1 Overview

This report documents every data selection step applied to the Tracking the Sun (TTS) 2025 public data file from Lawrence Berkeley National Laboratory. The pipeline follows the sample-selection methodology of Bukow (2022) and produces three nested subsets of the data, progressing from raw to estimation-ready.

overview <- data.table(
  Sample = c("Full TTS", "Price sample", "Estimation sample", "Final sample"),
  Rows   = comma(c(n_full, n_price, n_est, n_final)),
  `% of Full` = sprintf("%.1f%%", c(100, 100*n_price/n_full, 100*n_est/n_full, 100*n_final/n_full))
)

kable(overview, align = "lrr") %>%
  kable_styling(full_width = FALSE, font_size = 14) %>%
  row_spec(0, bold = TRUE) %>%
  row_spec(4, bold = TRUE, color = ft_claret)

Sample	Rows	% of Full
Full TTS	3,664,197	100.0%
Price sample	1,656,407	45.2%
Estimation sample	1,204,816	32.9%
Final sample	481,399	13.1%

Pipeline run: 24 June 2026, 17:17.

2 Sample Flow: Waterfall Chart

The chart below shows how each filter progressively reduces the dataset from the full TTS sample to the final estimation-ready sample.

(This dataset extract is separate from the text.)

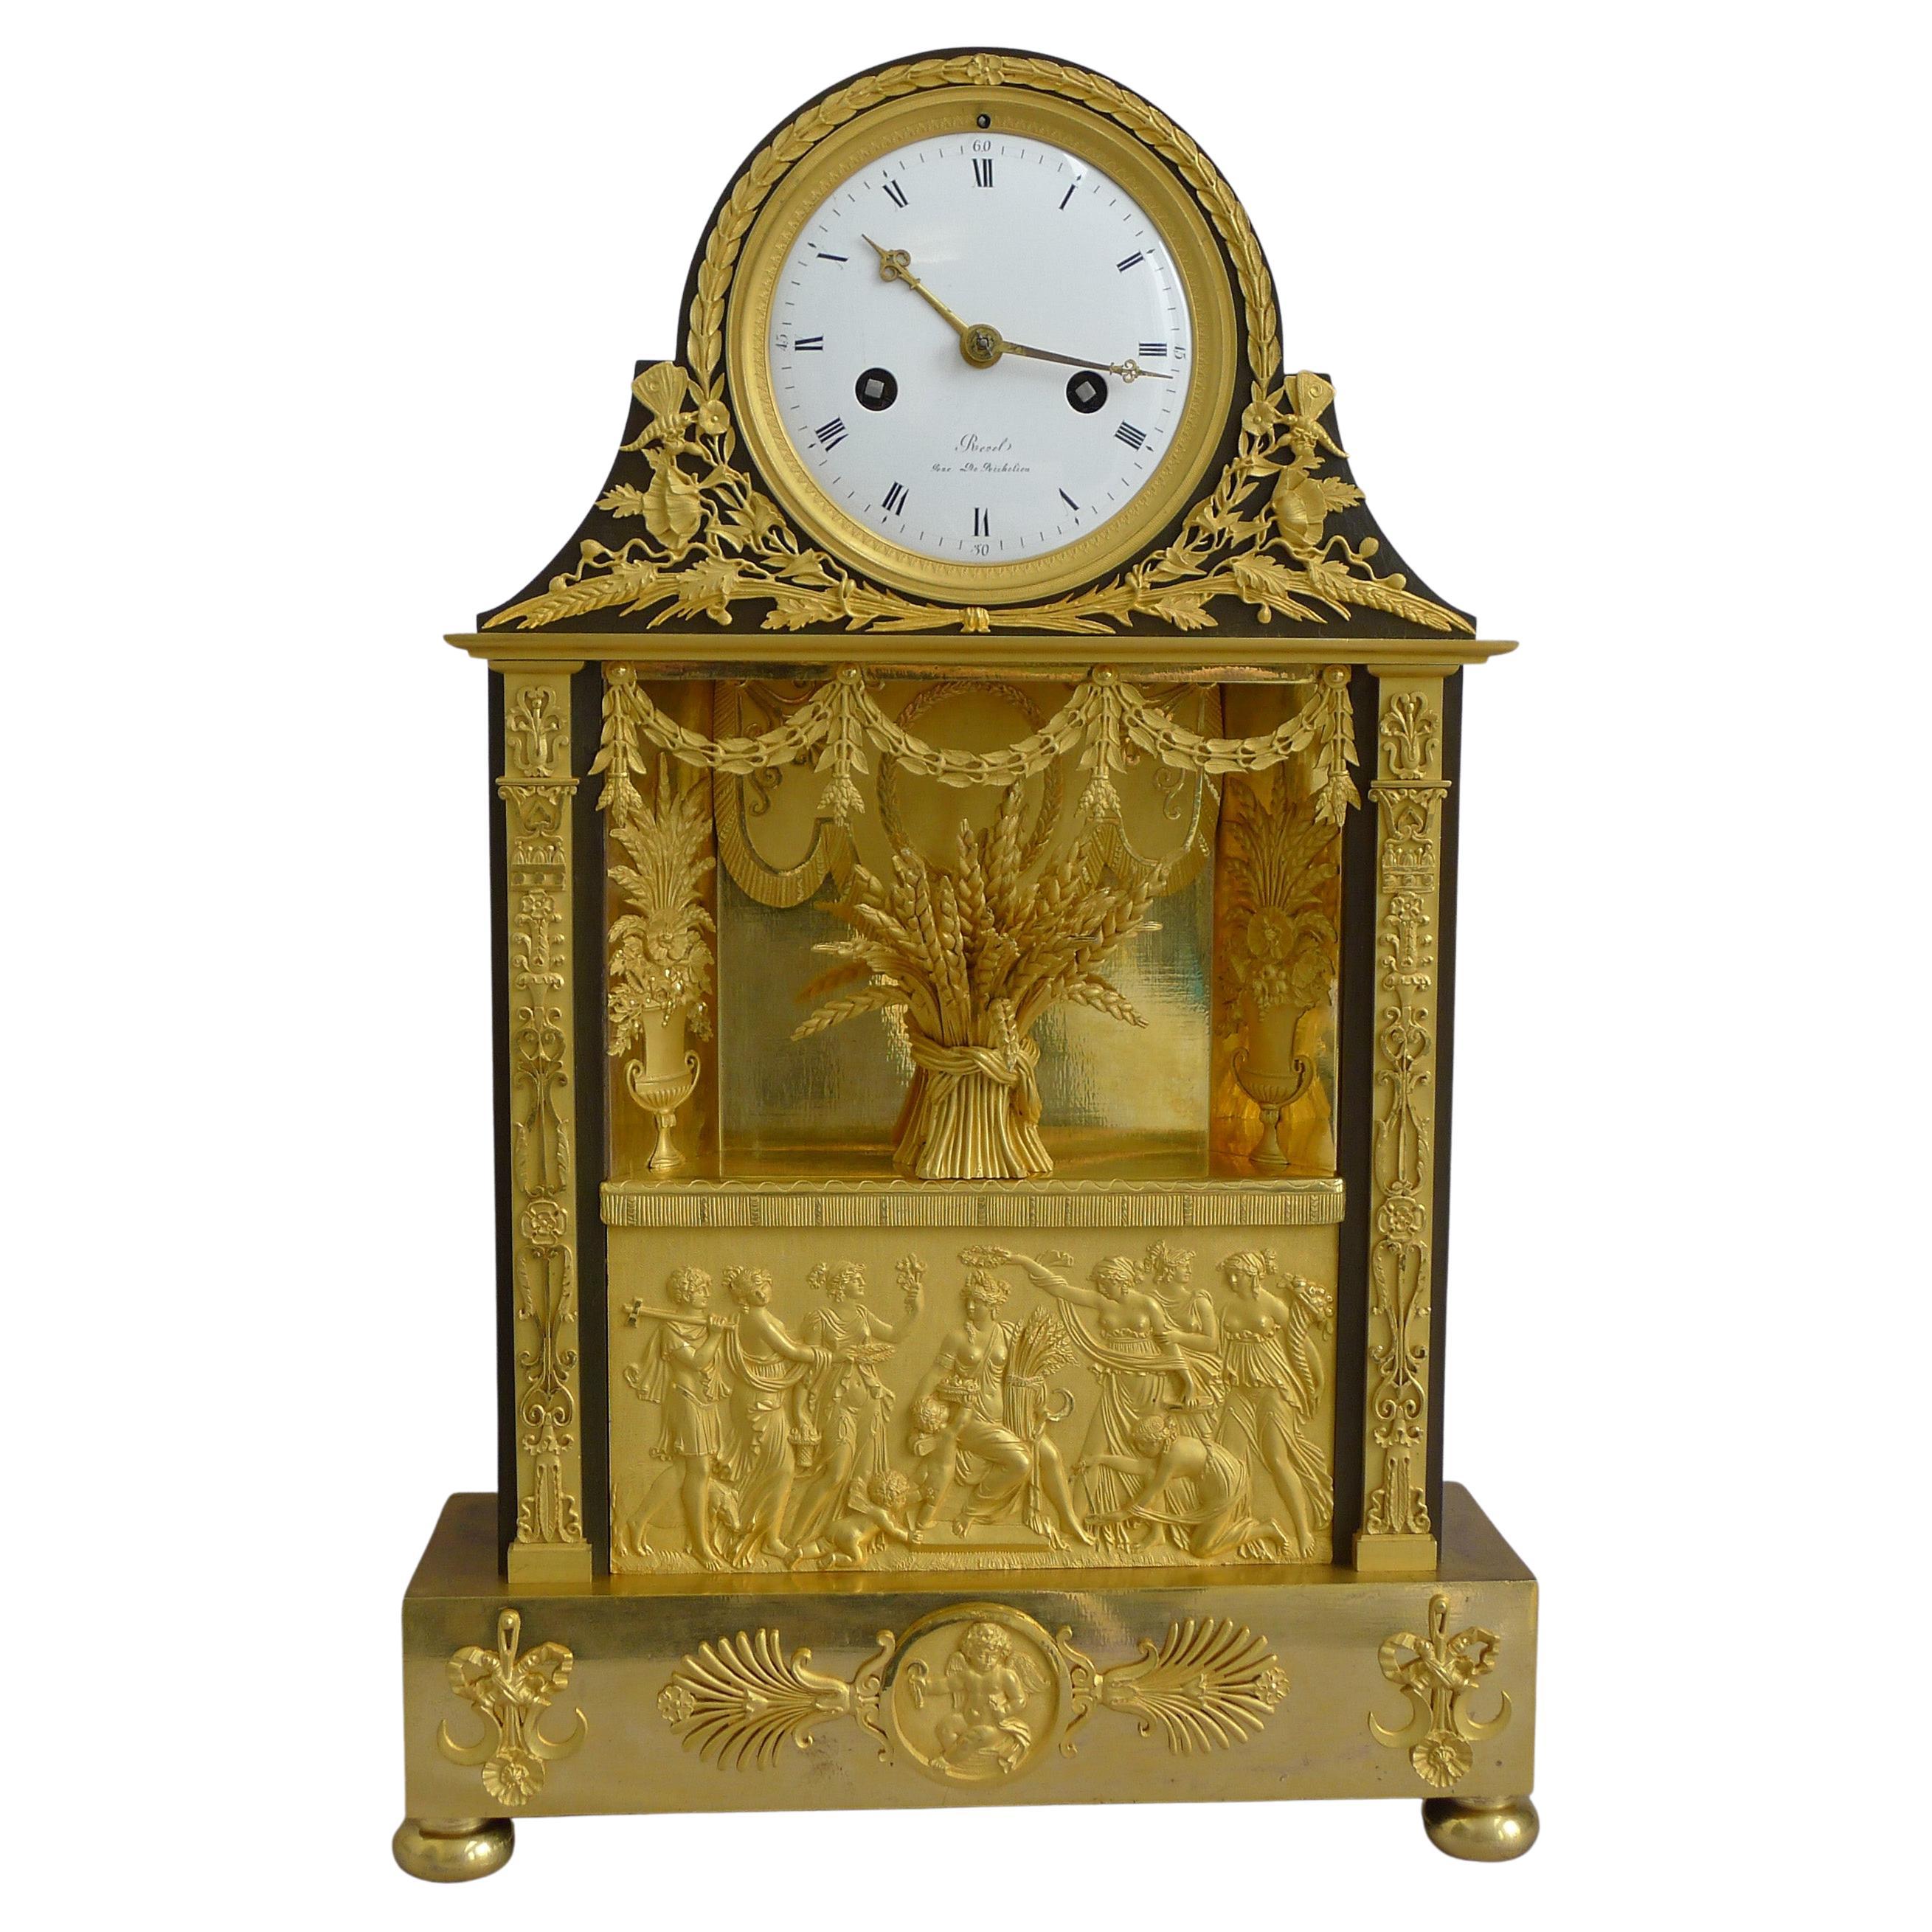 French Empire Clock in Ormolu and Patinated Bronze Signed Revel Rue De Richelieu

wf <- fl[, .(step, filter_name, n_dropped)]
wf <- rbindlist(list(
  data.table(step = 0L, filter_name = "Full TTS", n_dropped = 0L),
  wf
))
wf[, running_total := n_full - cumsum(n_dropped)]
wf[, filter_name := factor(filter_name, levels = filter_name)]
wf[, bar_fill := fifelse(step == 0, ft_teal, ft_claret)]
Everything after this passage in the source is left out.